Feature Dimention Reduction Using LDA and PCA with Python | Principal Component Analysis in Feature Selection | KGP Talkie

Published by Srishailam Sri on

Feature Dimension Reduction

Watch Full Playlist: https://www.youtube.com/playlist?list=PLc2rvfiptPSQYzmDIFuq2PqN2n28ZjxDH

What is LDA (Linear Discriminant Analysis)?

The idea behind LDA is simple. Mathematically speaking, we need to find a new feature space to project the data in order to maximize classes separability

Linear Discriminant Analysis is a supervised algorithm as it takes the class label into consideration. It is a way to reduce ‘dimensionality’ while at the same time preserving as much of the class discrimination information as possible.

LDA helps you find the boundaries around clusters of classes. It projects your data points on a line so that your clusters are as separated as possible, with each cluster having a relative (close) distance to a centroid.

So the question arises- how are these clusters are defined and how do we get the reduced feature set in case of LDA?

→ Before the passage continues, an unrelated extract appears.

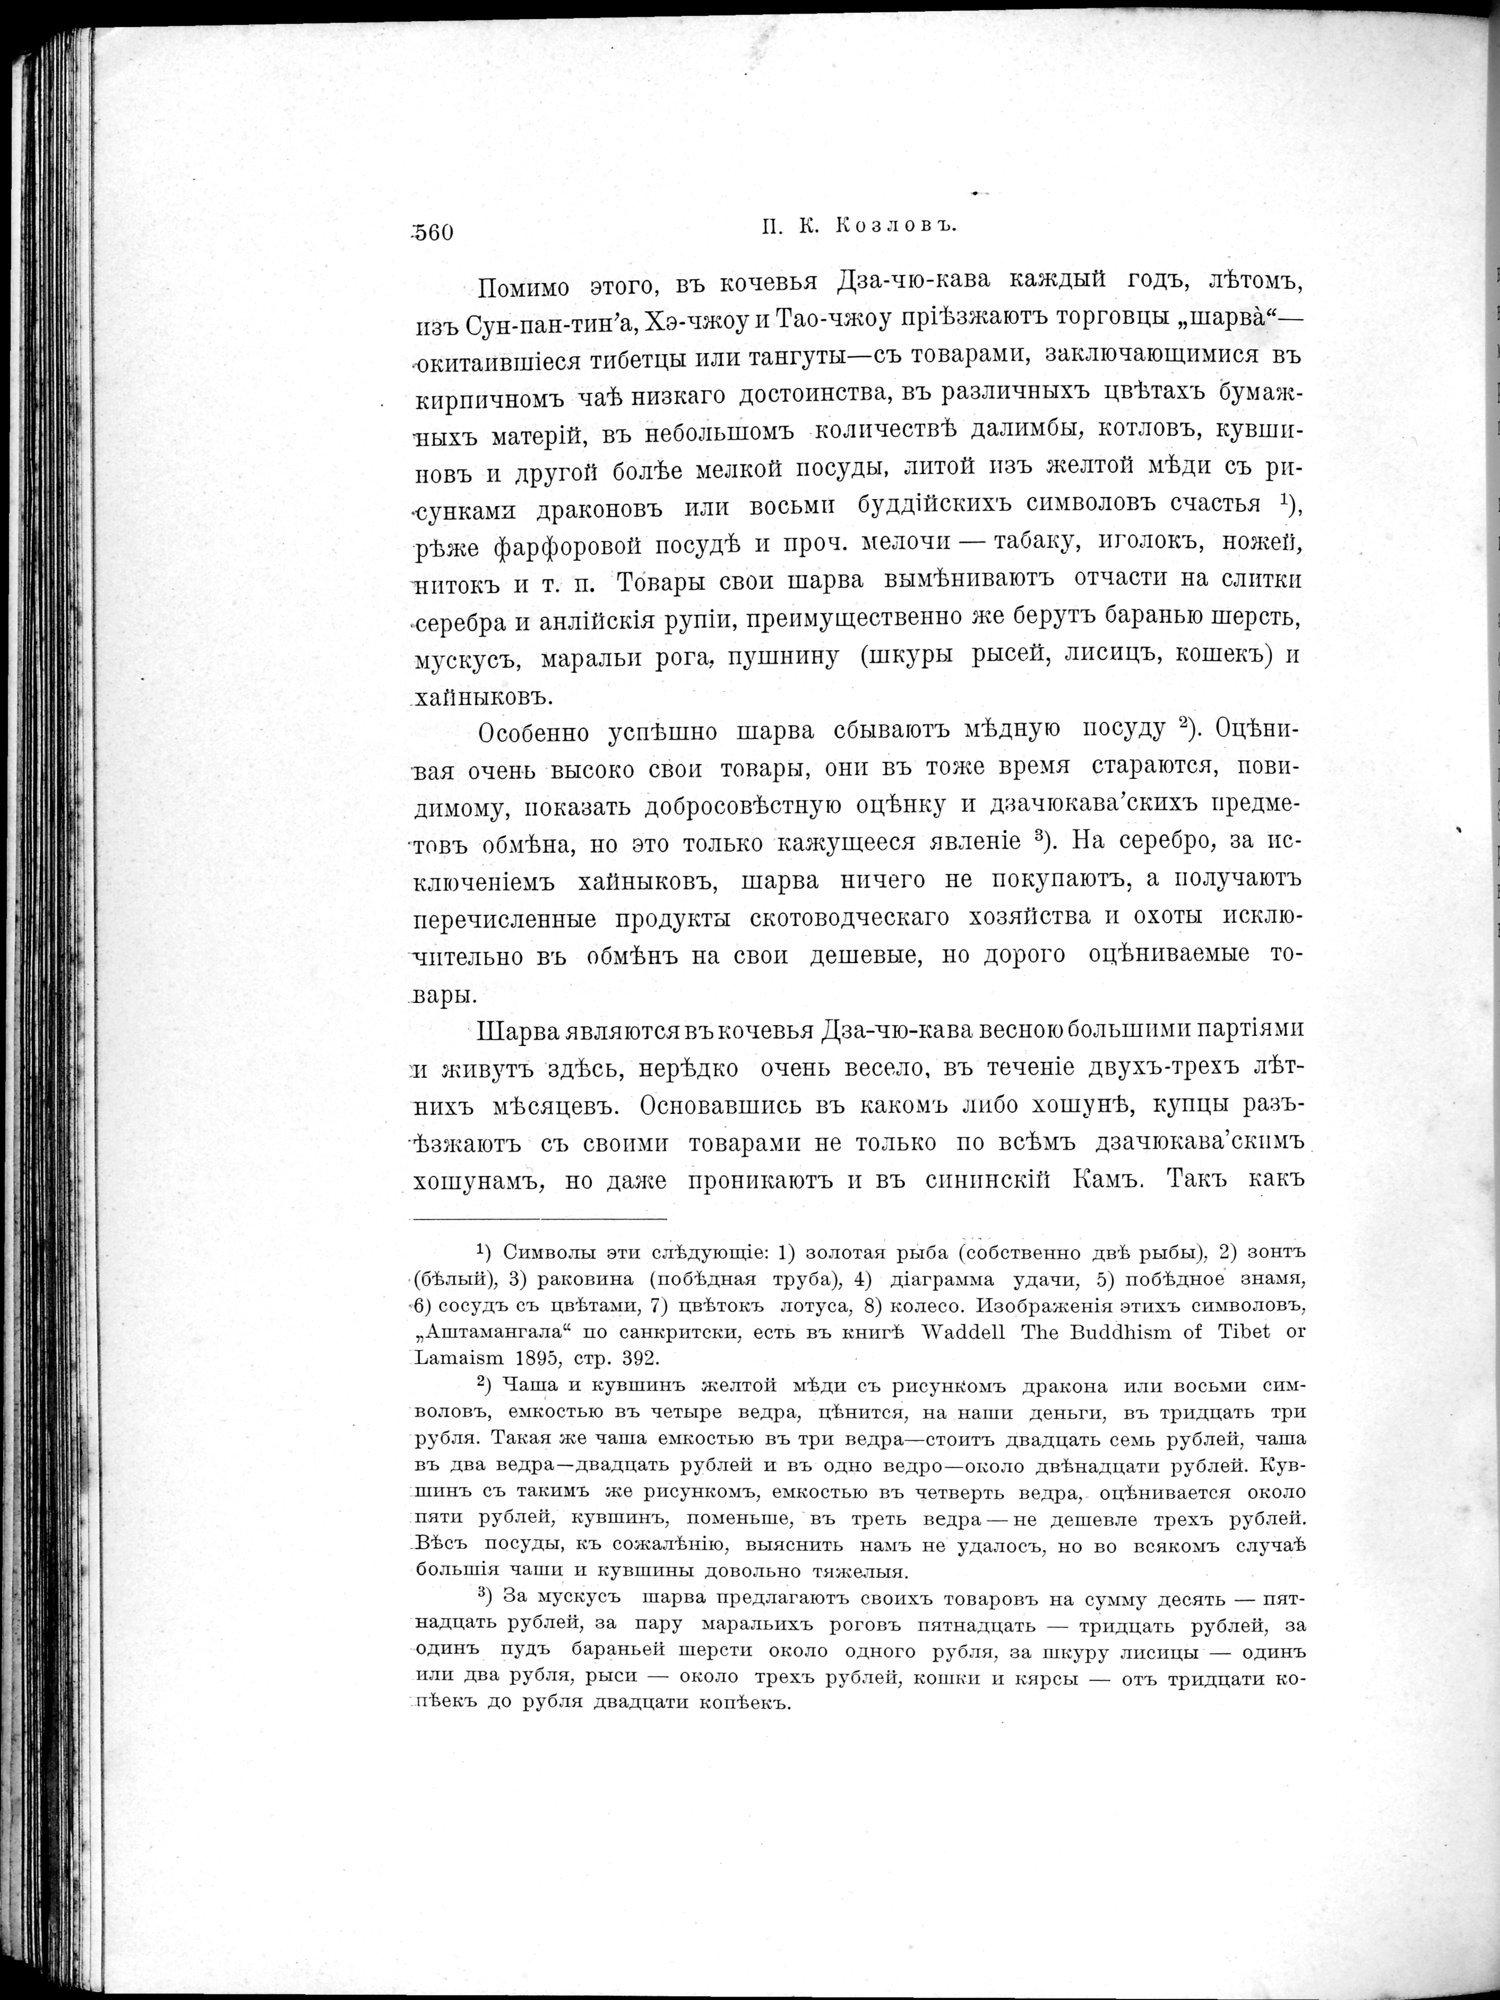 Mongoliia i Kam : vol.2 / Page 384 (Grayscale High Resolution Image)

Basically LDA finds a centroid of each class datapoints. For example with thirteen different features LDA will find the centroid of each of its class using the thirteen different feature dataset. Now on the basis of this, it determines a new dimension which is nothing but an axis which should satisfy two criteria:

  1. Maximize the distance between the centroid of each class.
  2. Minimize the variation (which LDA calls scatter and is represented by s2), within each category.

What is PCA

Principal Component Analysis (PCA) is a linear dimensionality reduction technique that can be utilized for extracting information from a high-dimensional space by projecting it into a lower-dimensional sub-space. It tries to preserve the essential parts that have more variation of the data and remove the non-essential parts with fewer variation.

Dimensions are nothing but features that represent the data. For example, A 28 X 28 image has 784 picture elements (pixels) that are the dimensions or features which together represent that image.

image.png

One important thing to note about PCA is that it is an Unsupervised dimensionality reduction technique, you can cluster the similar data points based on the feature correlation between them without any supervision (or labels), and you will learn how to achieve this practically using Python in later sections of this tutorial!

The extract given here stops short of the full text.